意味ない祈りの先に
私は時々、意味のないお祈りをすることがあります。
意味のない祈りなどないと思いたいけれど、どんな宗教の信者でもなく、教会で祈るのでもなく、相手のことも知らないのに祈ること、そこに"きちんとした"意味などない気がするのです。
意味のないお祈りをするのは、
たいていは通勤中。
目についた見知らぬ人に狙いを定め、その人を見て、これからどこに行くのかを、さっと想像します。朝の電車には、明らかに遊びに行く格好の人もいるし、見るからに会社に向かっている人もいるし、長旅を感じさせる人もいます。
私は、それぞれの人にぴったりの祈りを心に浮かべます。一日、楽しく遊べますようにとか、もしも辛い仕事をしているなら、少しでも心が軽くなるようにとか、素晴らしい体験の後、無事に家に着きますように、とか。

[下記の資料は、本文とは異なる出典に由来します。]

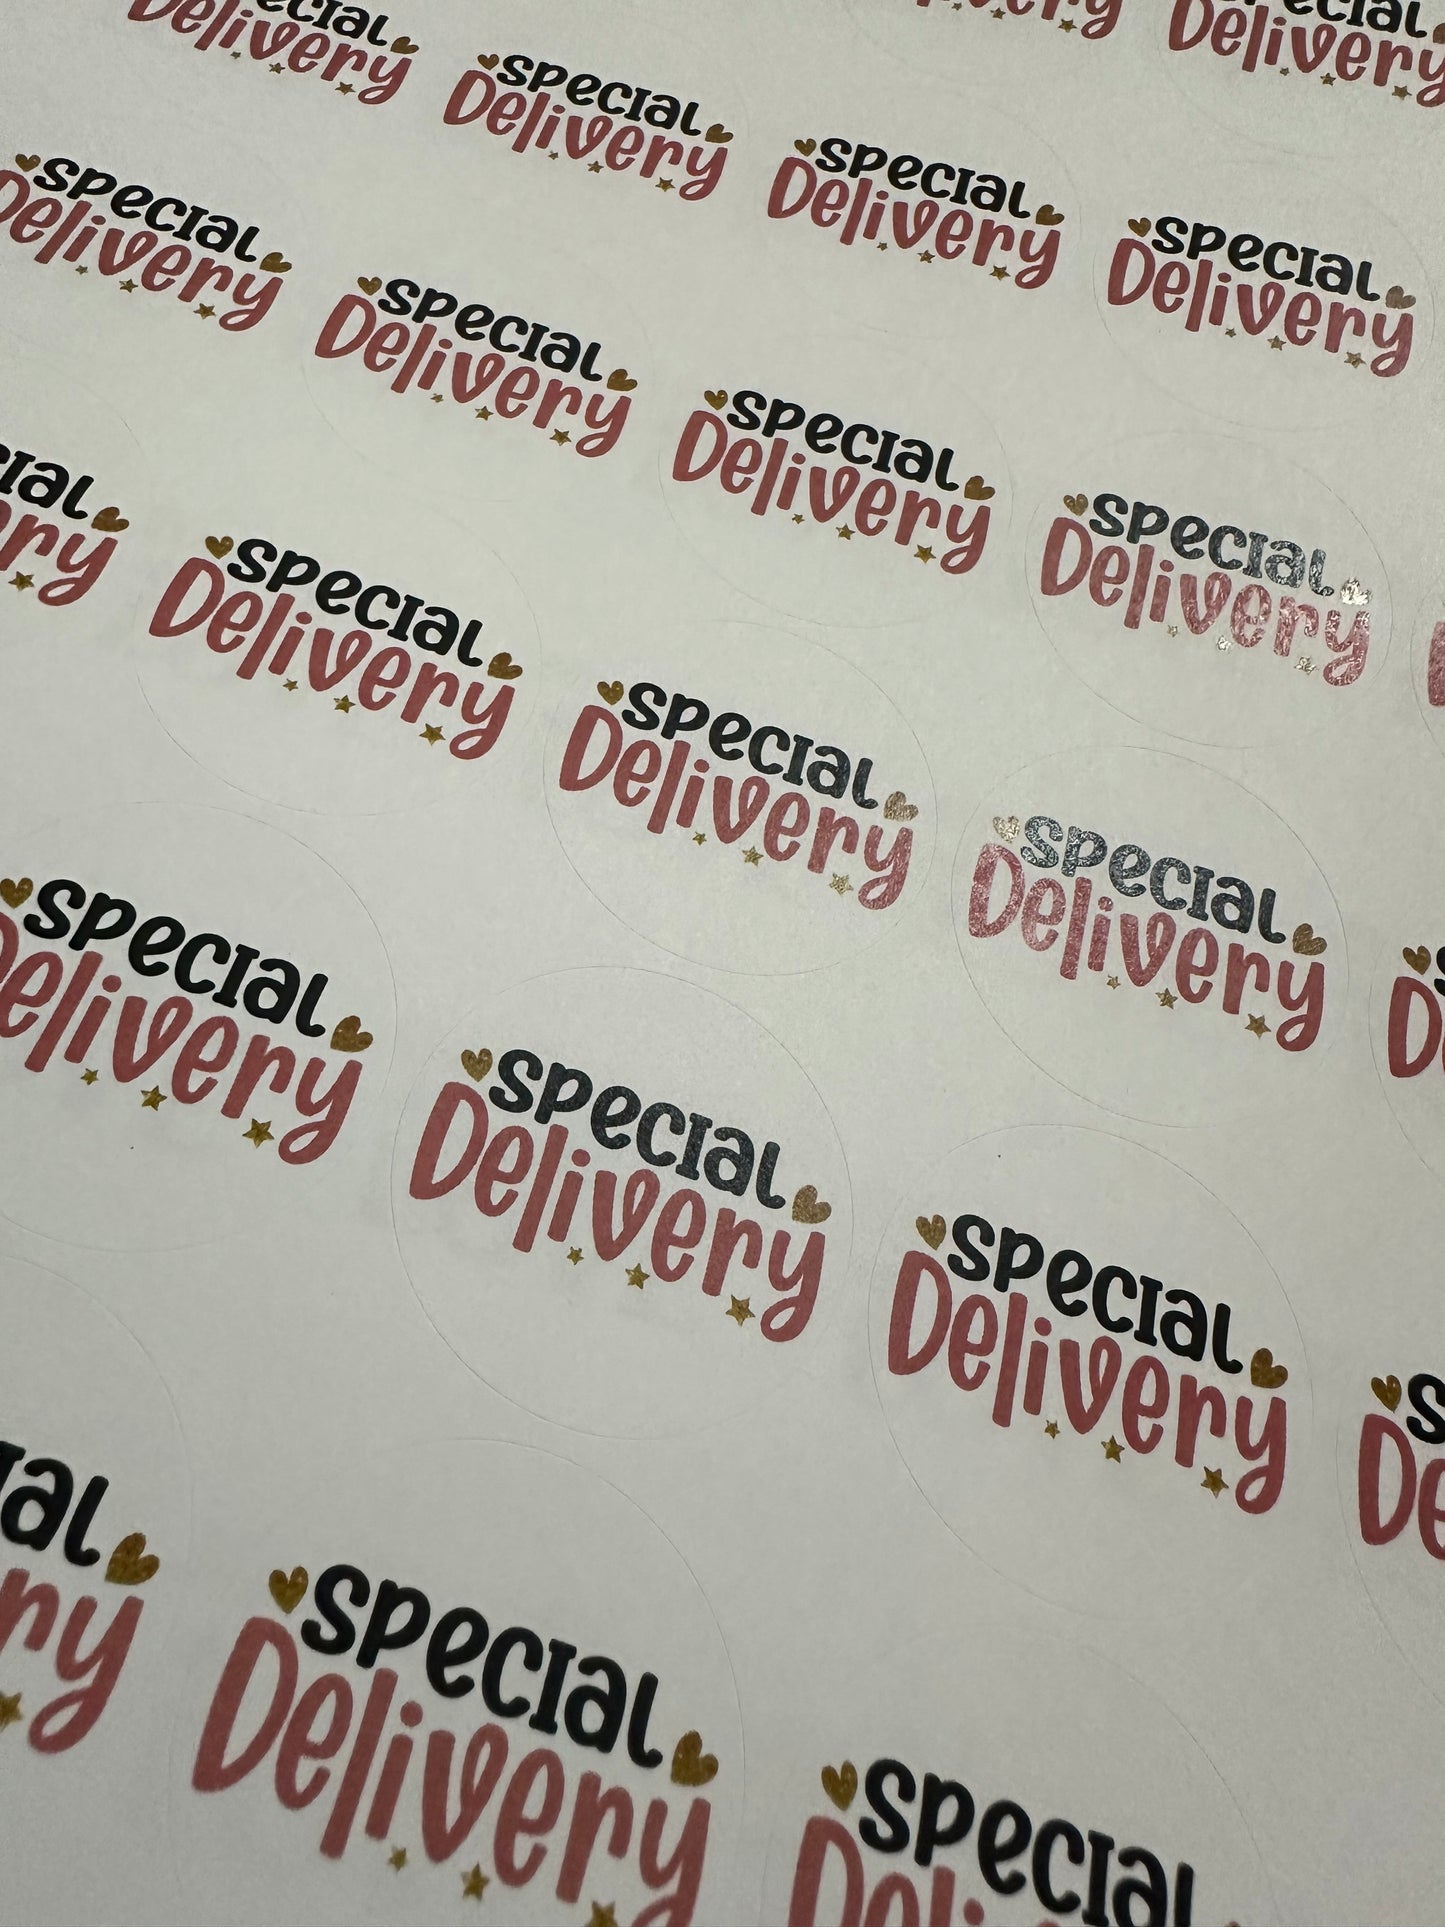 Special Delivery Stickers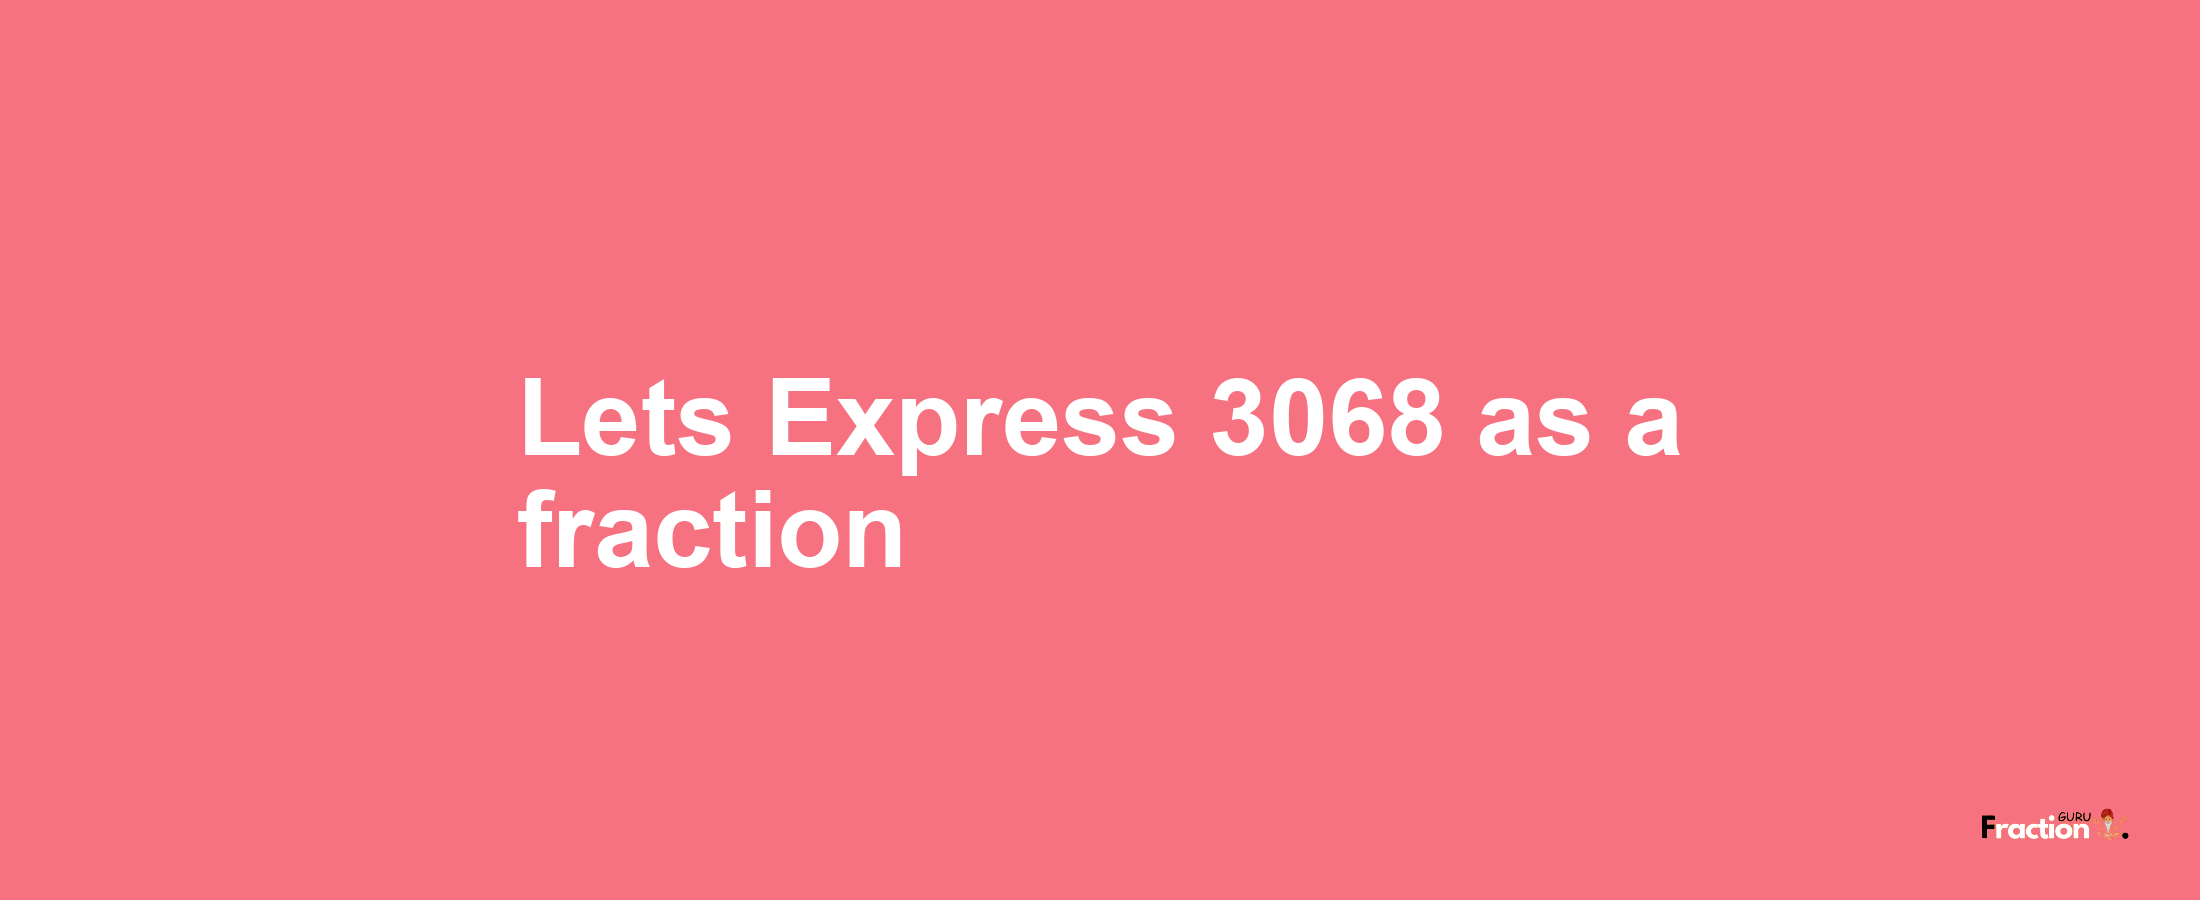 Lets Express 3068 as afraction

でも、意味のない祈りには、やはり行き場がないようにも思われます。そもそも、私が祈っていることに、その人たちが気がつくことはありません。私がどんなに全力で祈っても、彼らの表情が1ミリでも変わることはありません。
それでも、なぜかこの意味のない祈りをしてしまうのです。神様に、この一人言のような祈りが聞こえているかも分からないのに。
でも、聞こえていてくれと、また祈るのです。
意味ない祈りを意味あるものにしてくださいと。
そしていつか、自分を助けてくださいと祈る時、神様に自分の声が聞こえていないのかもしれないと不安になる時、私は想像します。
どこかに、同じように意味のない祈りを捧げている人がいるのではないかと。神様に言葉が届かないと憂いている私の代わりに、どうか祈りを聞いてくれと祈る人がいるのではないかと。
今日も、いくつもの、意味のない祈りを私は捧げます。
神様が聞いていないのだとしたら、本当に意味のない、心の中の一人言。猛スピードで街を駆ける電車のなかで、声にならずに流れていく祈り。
でも、どこかに、同じ一人言を呟いている人がいるのだと信じることは、神様を信じるよりもずっと容易く思われます。
そして、そんな人がいるなら、神様のことも信じることができる気がするのです。
意味ない祈りの先に、やっぱり神様がいるような気がするのです。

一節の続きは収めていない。